We stayed in the room. Archie called down to the front desk and asked them to suspend our housekeeping service. The curtains stayed shut, the TV on, though no one watched it. At regular intervals, food was delivered for me.

It was funny how I was suddenly comfortable with Archie. It was like his vision of our friendship, spoken out loud, had made it real. He sat in the chair next to the sofa where I sprawled, and answered all the questions I’d been too nervous to ask before. Sometimes he’d answer them before I asked them. It was a little weird, but I figured that was how everyone else felt around Edythe all the time.

“Yes,” he said, when I thought about asking him that. “It’s exactly the same. She tries hard not to be obnoxious about it.”

He told me about waking up.

“I only remembered one thing, but I’m not even sure it was a memory. I thought I remembered someone saying my name—calling me Archie. But maybe I was remembering something that hadn’t happened yet—seeing that someday someone would call me Archie.” He smiled at my expression. “I know, it’s a circular dilemma, isn’t it?”

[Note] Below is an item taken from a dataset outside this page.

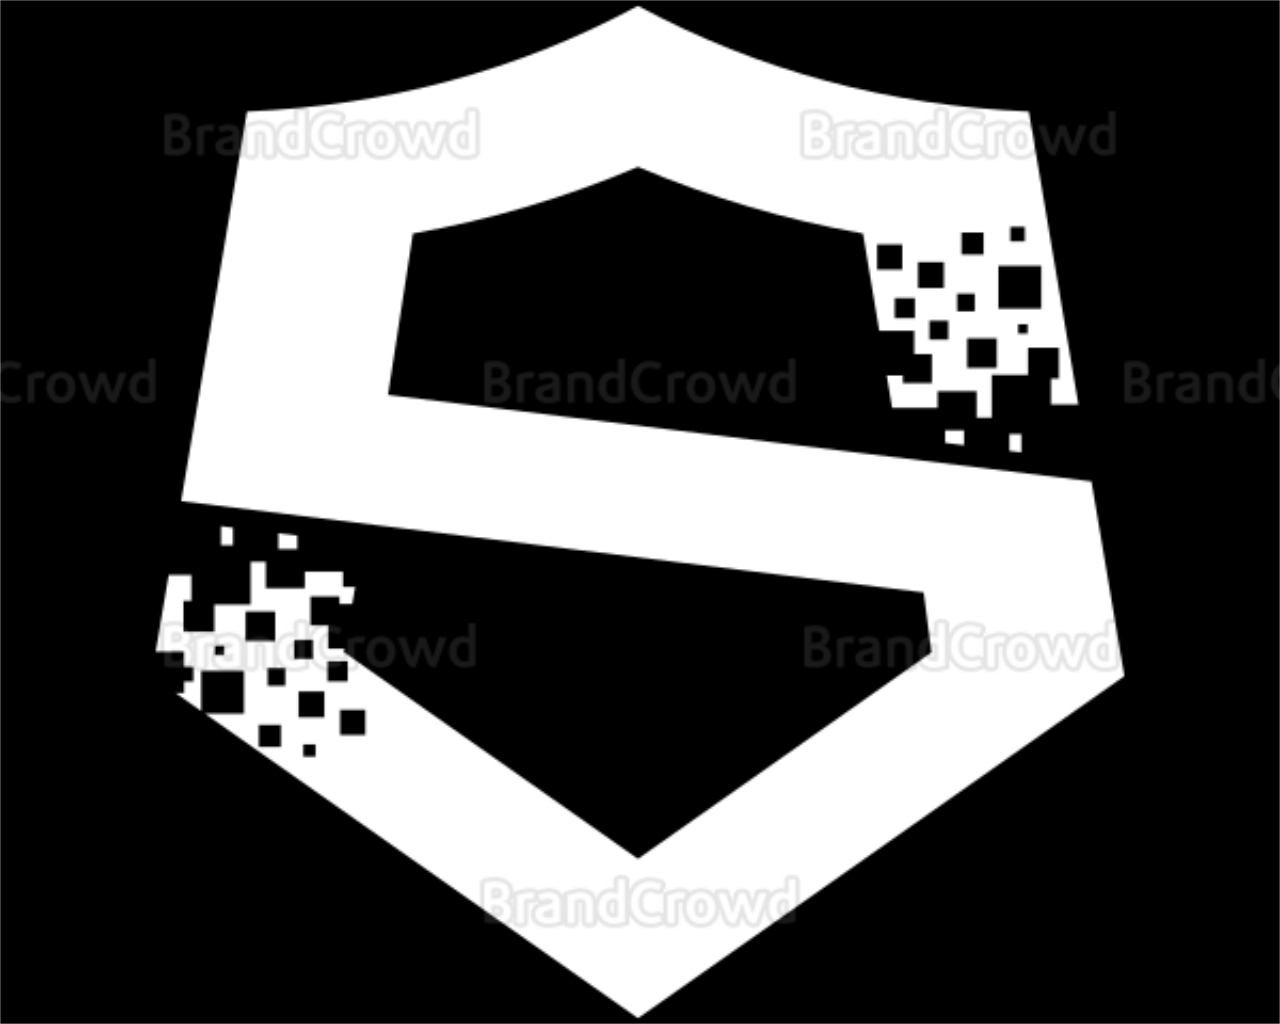 My BrandPage's logo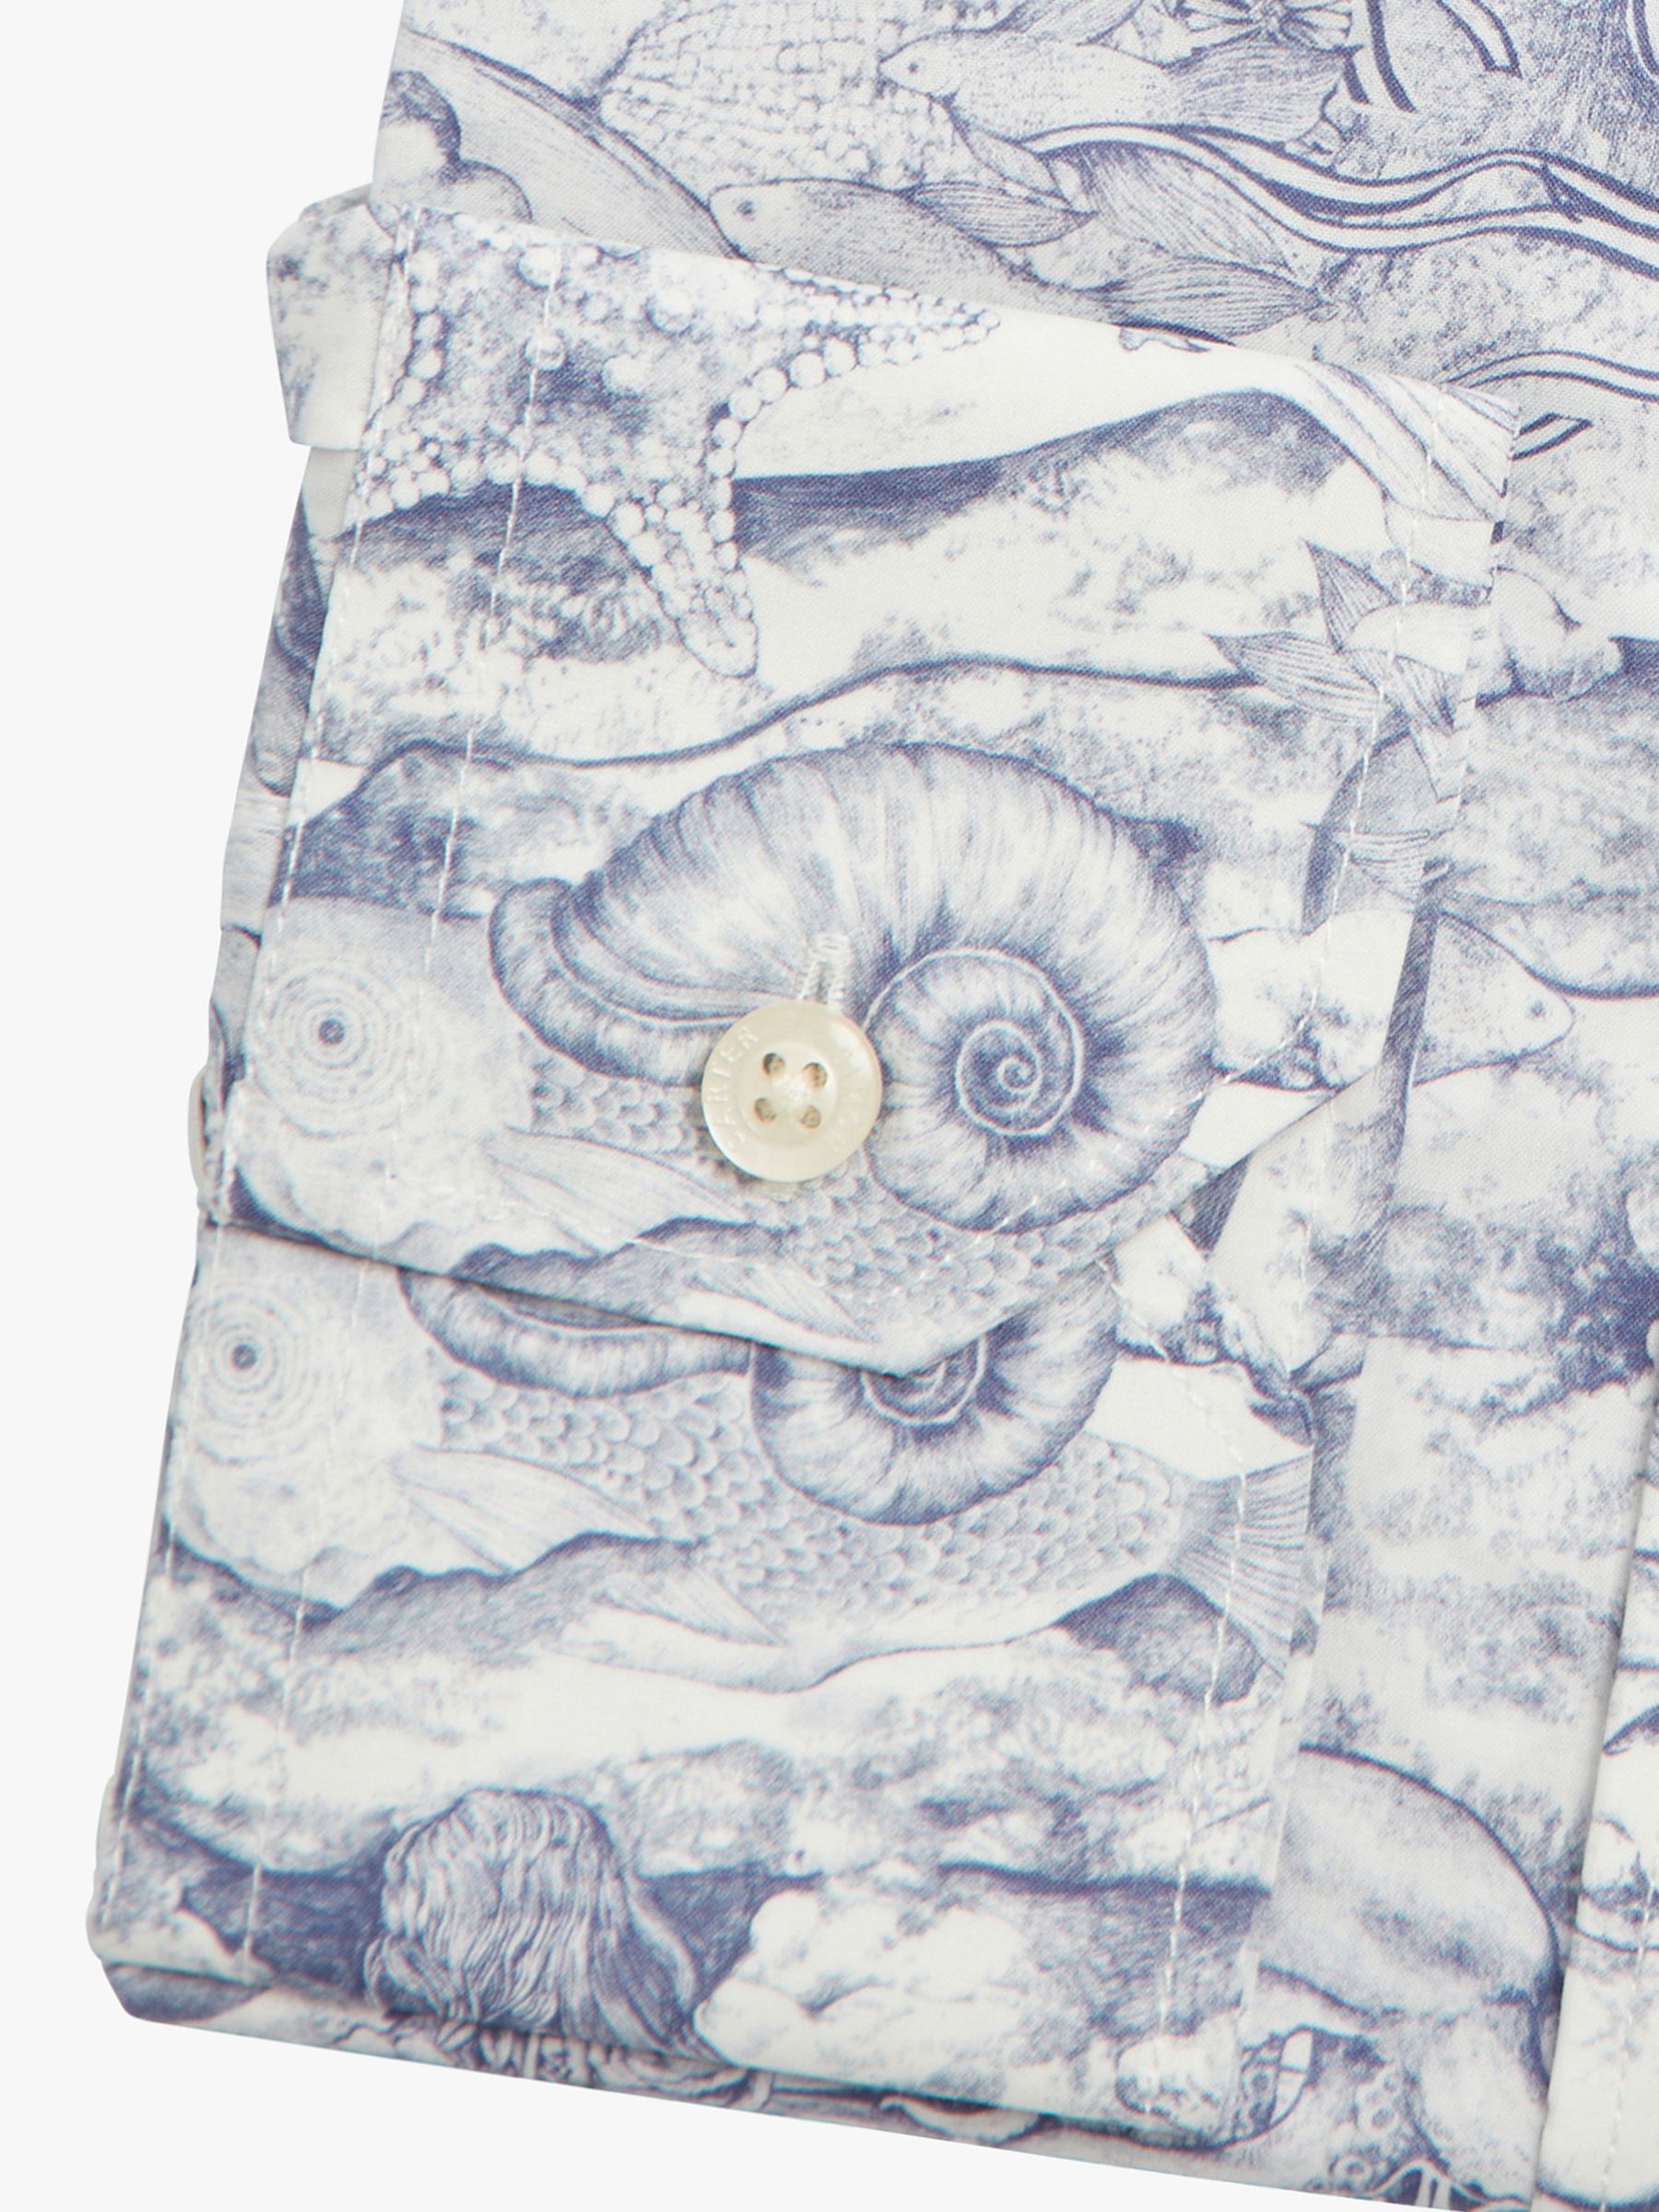 Buy Simon Carter Sea Spirit Long Sleeve Shirt, White/Blue Online at johnlewis.com

“The hair?” He ran a hand over his scalp, unselfconscious. The stubble was just long enough to see that his hair would have been dark brown, nearly black, like his eyebrows. “It was a rather extreme look for 1920. A little too early for me to have been a skinhead, thank heavens. My best guess is disease or bad behavior.”

“Bad behavior?” I asked.

He shrugged. “I might have been in prison.”

“You couldn’t have been much older than me,” I protested.

He steepled his fingers thoughtfully. “I like to believe that if I was a criminal, I was both a mastermind and a prodigy.”

Jessamine—back at the desk and mostly silent—laughed with me.

“It wasn’t confusing the way it probably should have been,” Archie said when I asked him what his first visions were like. “It seemed normal—I knew what I was seeing hadn’t happened. I think maybe I’d seen things before I was changed. Or maybe I just adapt quickly.” He smiled, already knowing the question I had waiting. “It was Jess. She was the first thing I saw.” And then, “No, I didn’t actually meet her in person until much later.”